Both of these get the point across but neither one is quite as simple as the Python syntax.
On the flip side, we've been speaking about the above Python code as if we knew exactly what it does, but we actually don't, because we don't know the type of x, so we don't know what x.__mod__ does. For that matter, the list could have two different things with different `__mod__` values and it's possible that the type of `x` could taint the type of `state` so that `print(state)` does something completely unexpected.
In Haskell you can prevent all of this by changing `list` into `(list :: [Integer])`.
It's essentially Haskell's version of a class, except Haskell isn't object-oriented. It holds data. So yes, you could view it as a dict, of sorts. Except each key in this dict/record generates a top-level function.
How did having no namespaces in these things not become a massive headache for everyone? That would be the absolute killer argument for me to immediately switch to a different language if somehow possible.
The main reason it's not a massive headache is simple: Records aren't used THAT widely. Sure, in C++ or Java everything has named fields, because that's the only thing you have. Most Haskell datatypes use ADTs without record syntax, which means fields aren't named.
Personally I only use records for large-ish "configuration" datatypes which and I just don't use that many of those for it to be a real problem.

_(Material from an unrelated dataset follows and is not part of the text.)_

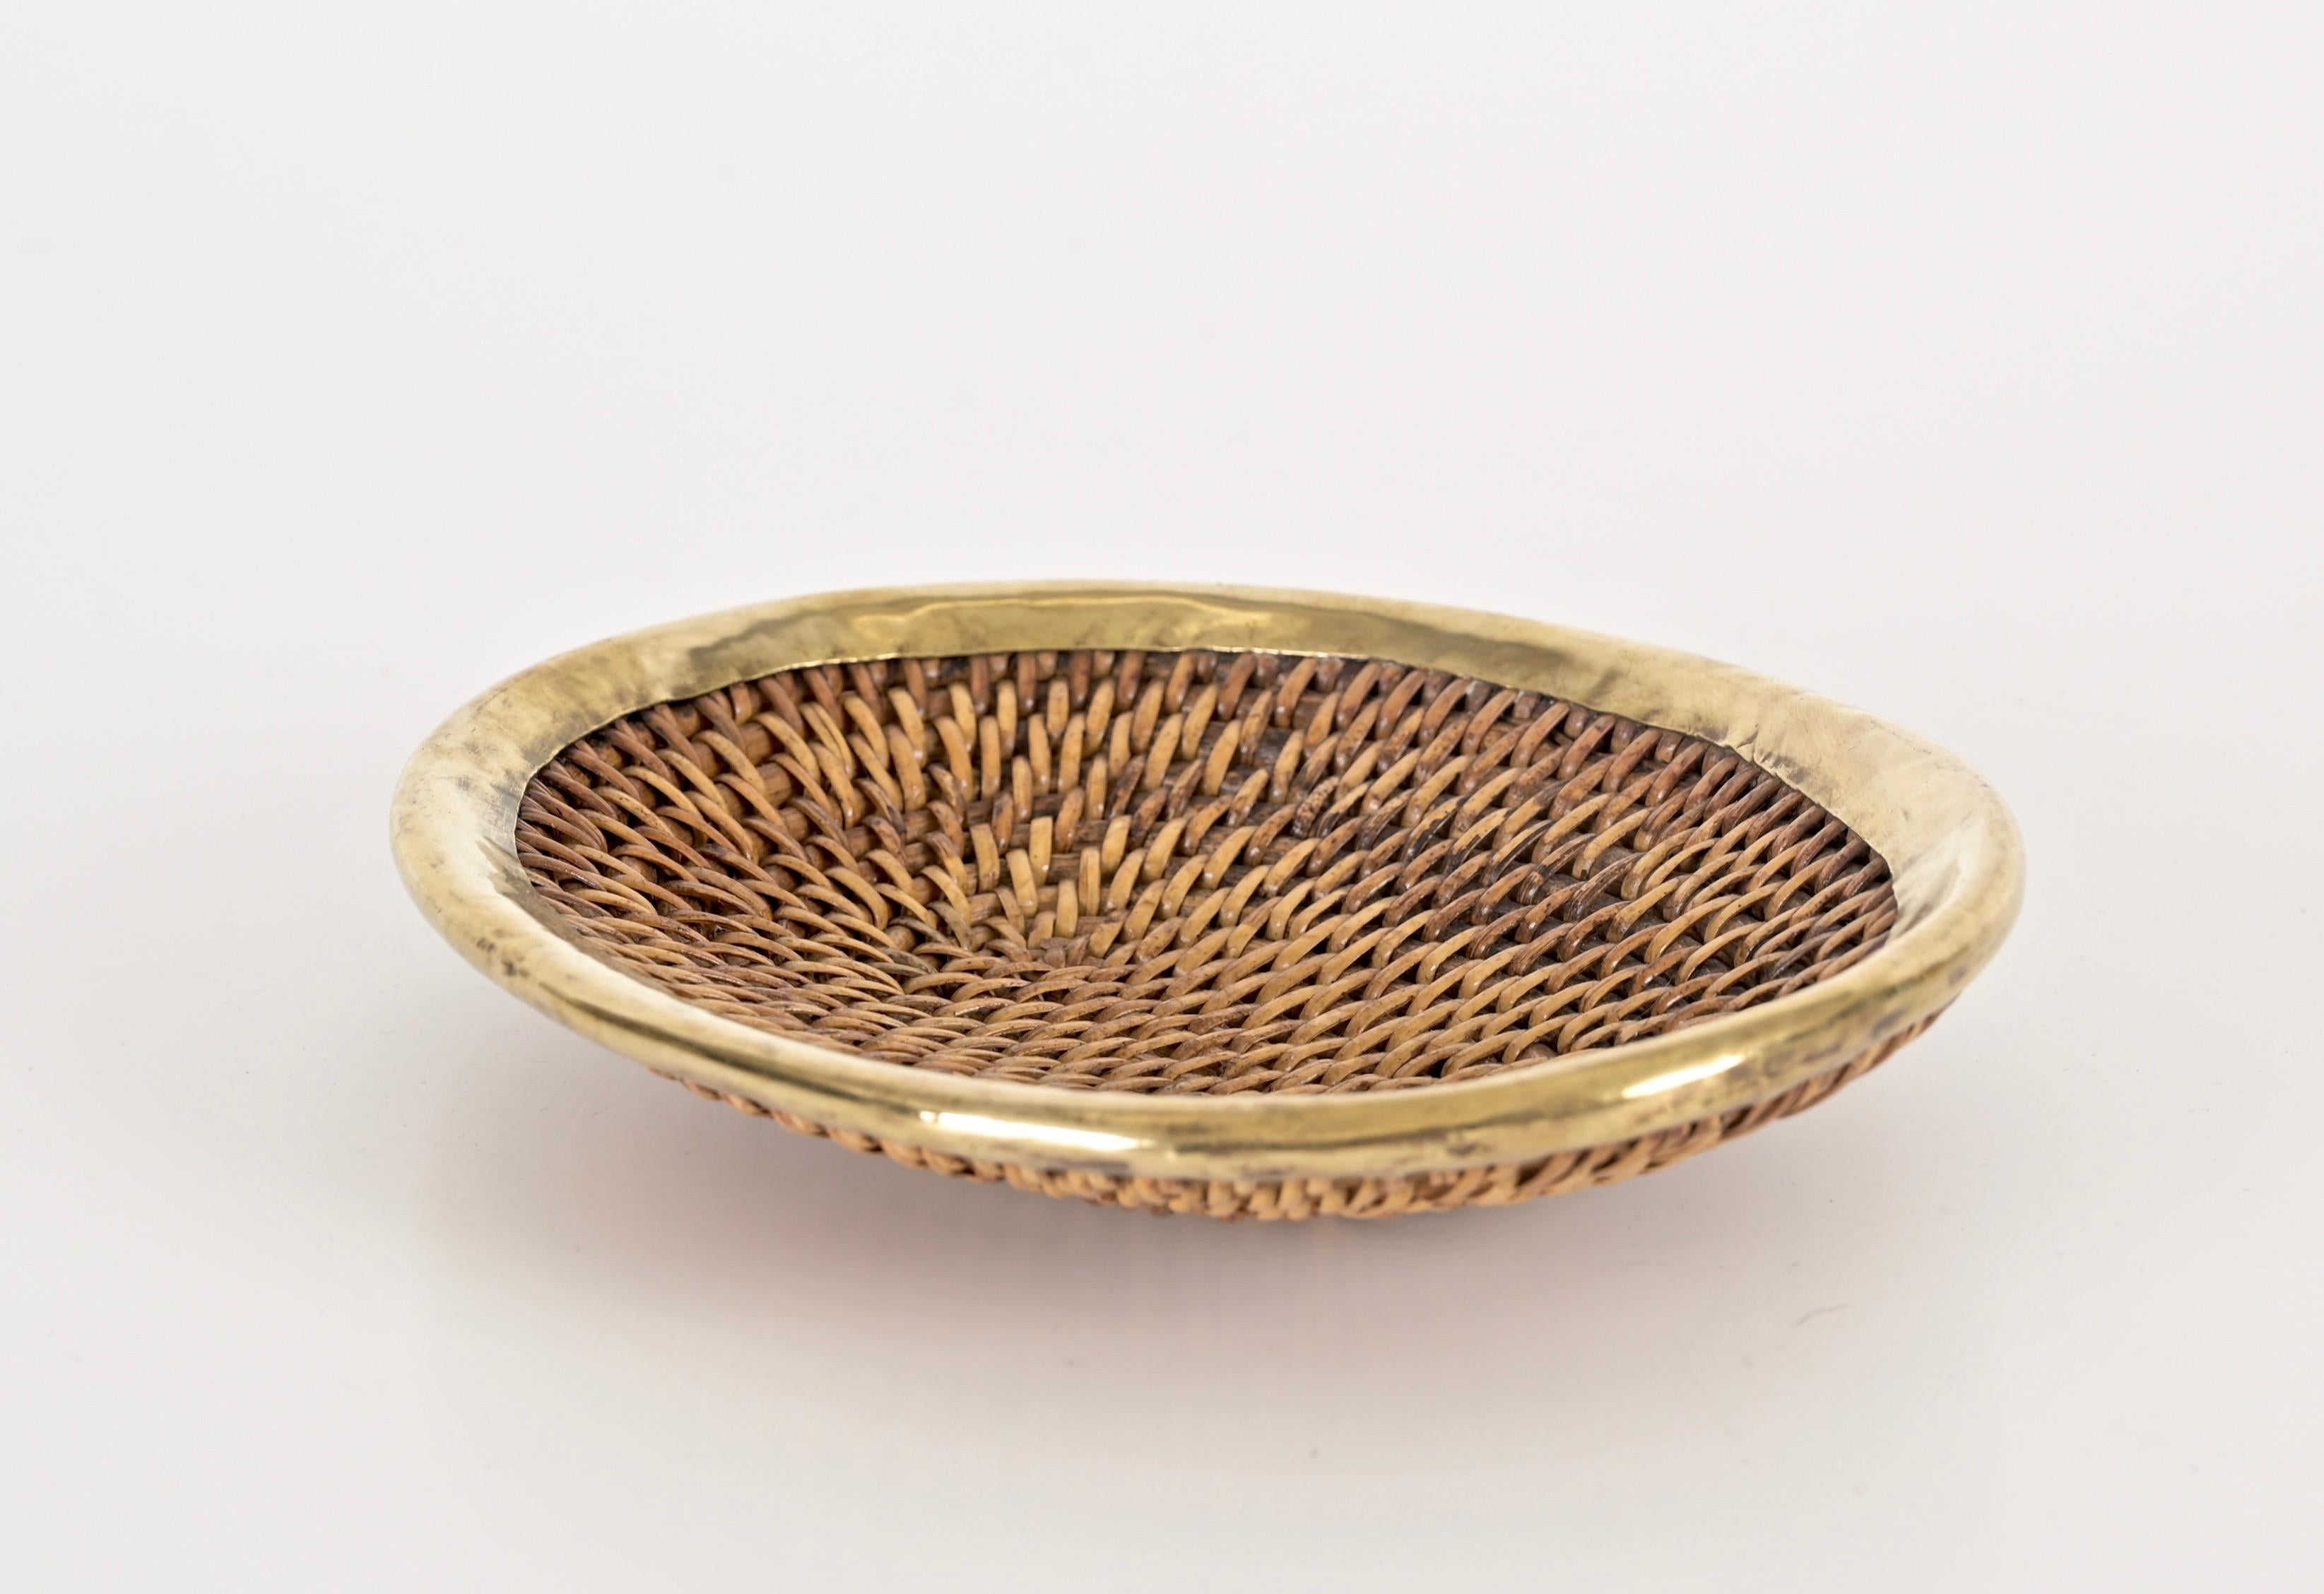 French Riviera Vide-Poche Bowl Tray in Woven Rattan and Brass, Italy 1970s For Sale 3

First, there are namespaces, it's just that they are associated with files instead of particular data types. Secondly, the naming issue only tends to become an issue when you have many types which all have similar internal structure. It turns out that, in Haskell at least, you can avoid needing this often by simply factoring out the shared structure (!). If this is not reasonable then there are boilerplate-y ways to use typeclasses for proper overloading (which also respects namespaces better than this solution does).
Frankly, I have run into only one circumstance where I wanted to throw my computer through a wall due to record inefficiencies... and it only came up while trying to hand translate an the XML specification for ClinicalTrials.gov. It turns out there was a much simpler way to tackle the problem anyway.

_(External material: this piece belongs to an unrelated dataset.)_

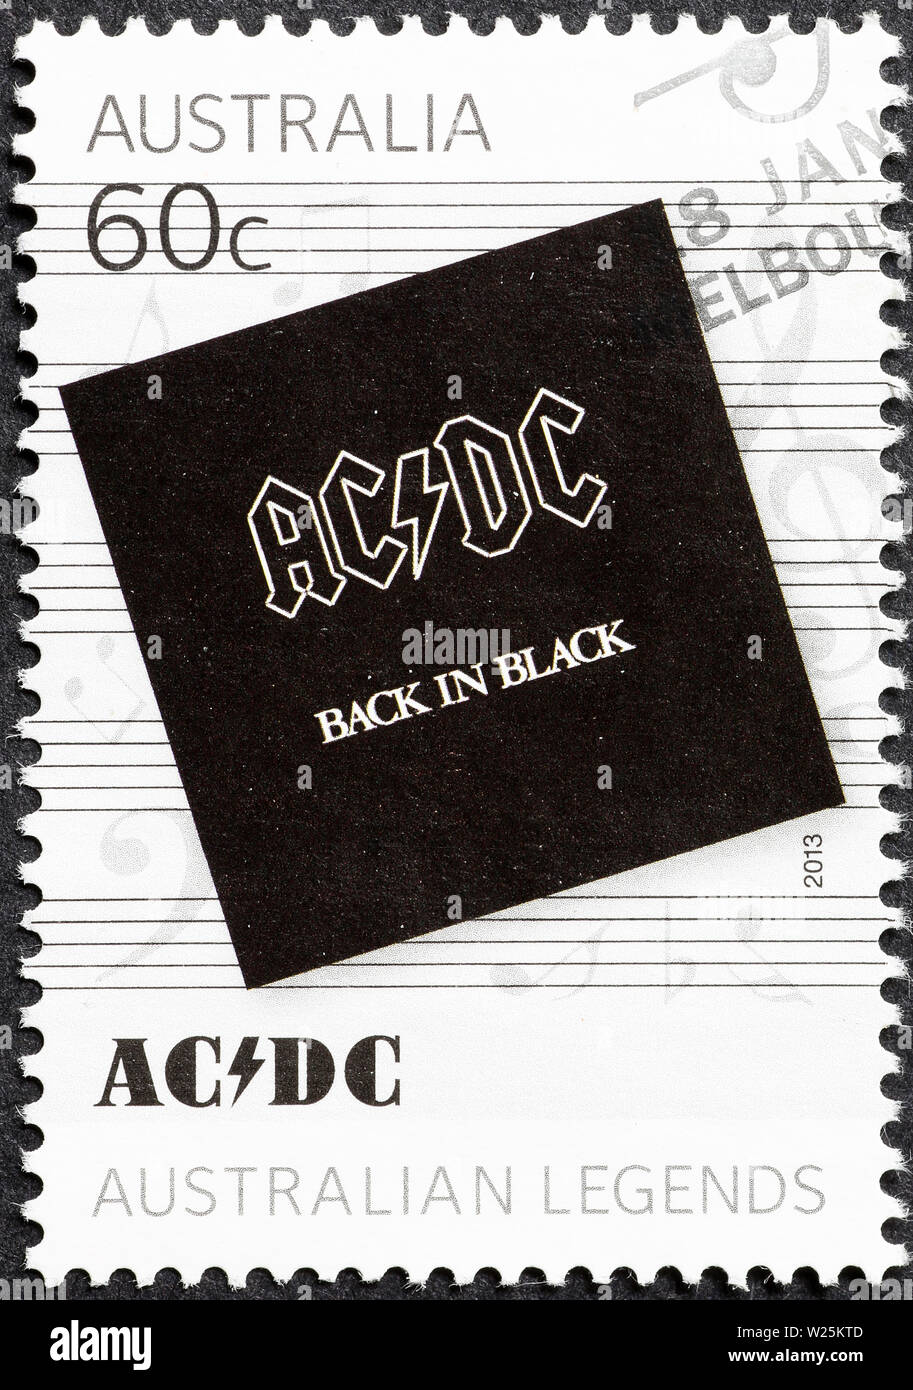 Back in black by AC-DC on australian postage stamp Stock Photo

So far it's more an inconvience -- in practice it doesn't surface that often, since modules represent the namespaces in Haskell. If you run into naming conflicts very often, chances are your modules are not isolated enough. You don't use records as often as you use classes in an OOP language, for example.

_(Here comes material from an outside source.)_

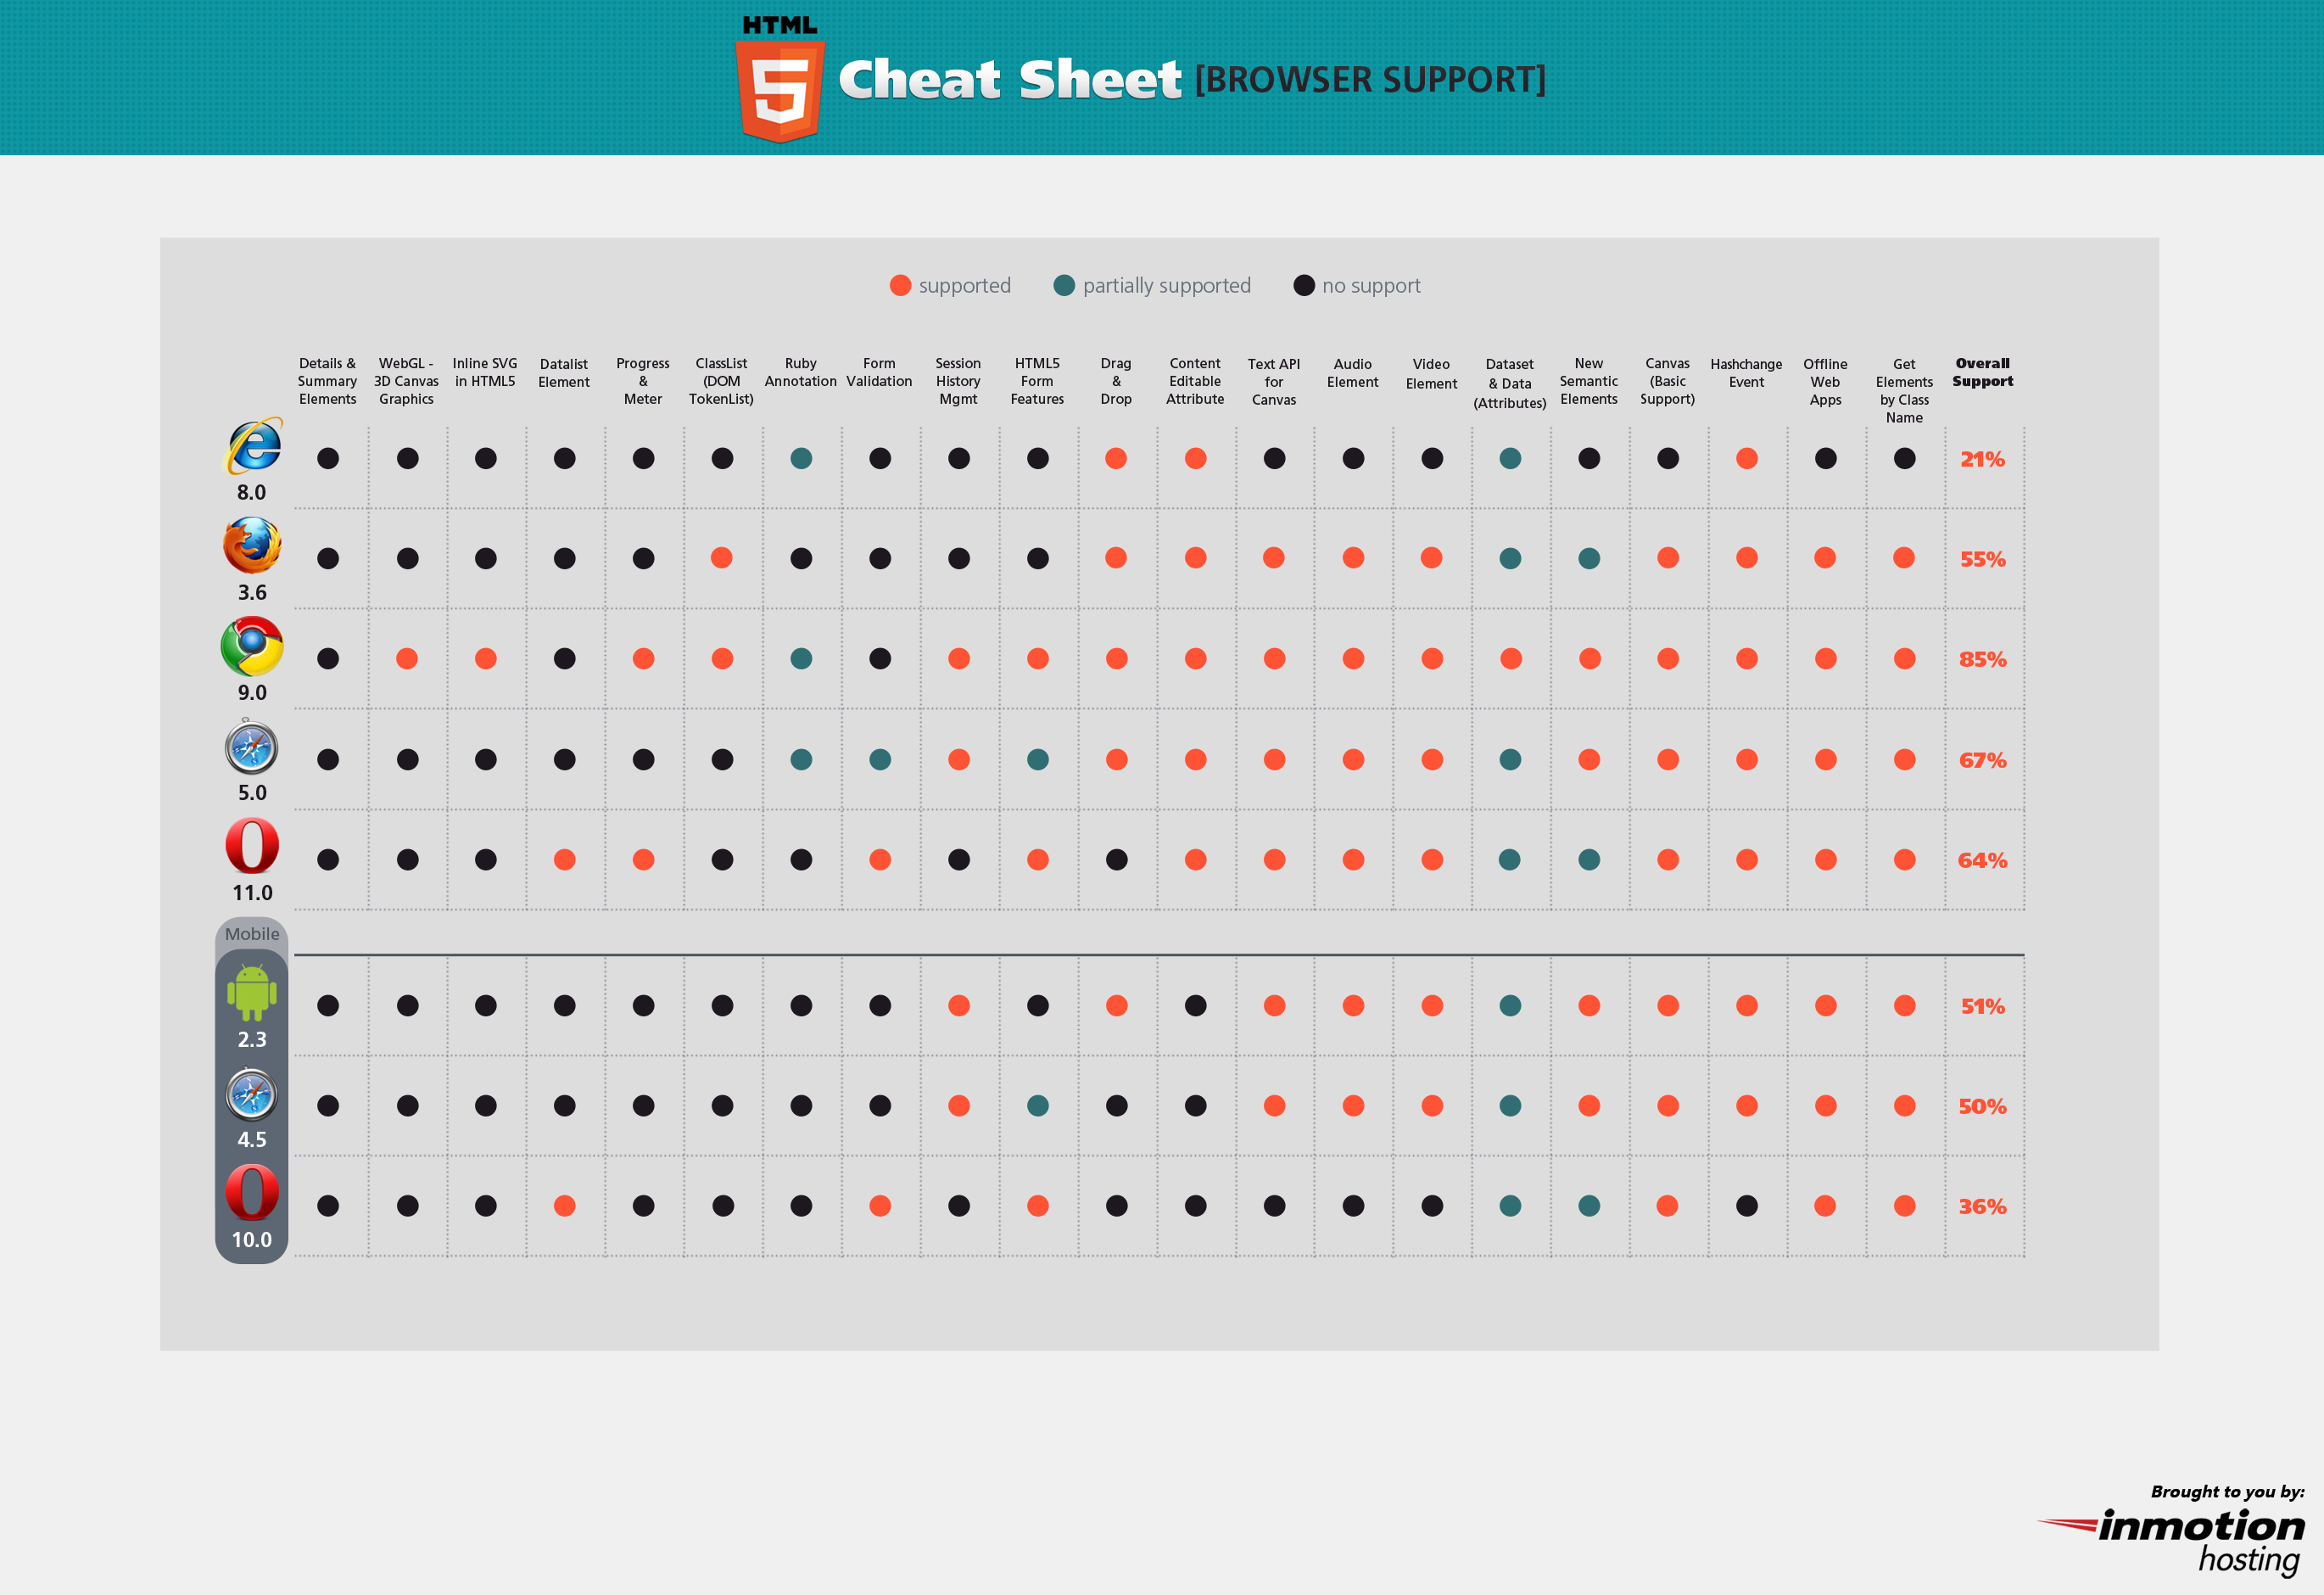 Html5 Browser Support Cheat Sheet by iNFOGRAPHiCs MANiA

Having said that, a lot of projects seem to have a general Types.hs where they declare all the types they share between modules. This is a great solution for that.
It's not quite true that you have no namespaces. Rather, in most languages a class or struct creates a namespace. In Haskell, it does not. Record accessors are still constrained by module. There are also data types where the fields are not named. And typeclasses can define names that can be used across multiple types.
Between all of these, it's much less painful than you might expect, though there certainly remains some pain.
My thoughts are that it is something of a headache, but the benefits of the language outweigh the pain-points, like this one, in many cases. I'd guess it's seen as one of the trade-offs you need to make for using a pure functional language. (I've yet to see many other languages with a type system as expressive as haskell).
Functions and lenses and module namespaces tend to alleviate the problem, not that it isn't annoying now and again. It does make some people go crazy though.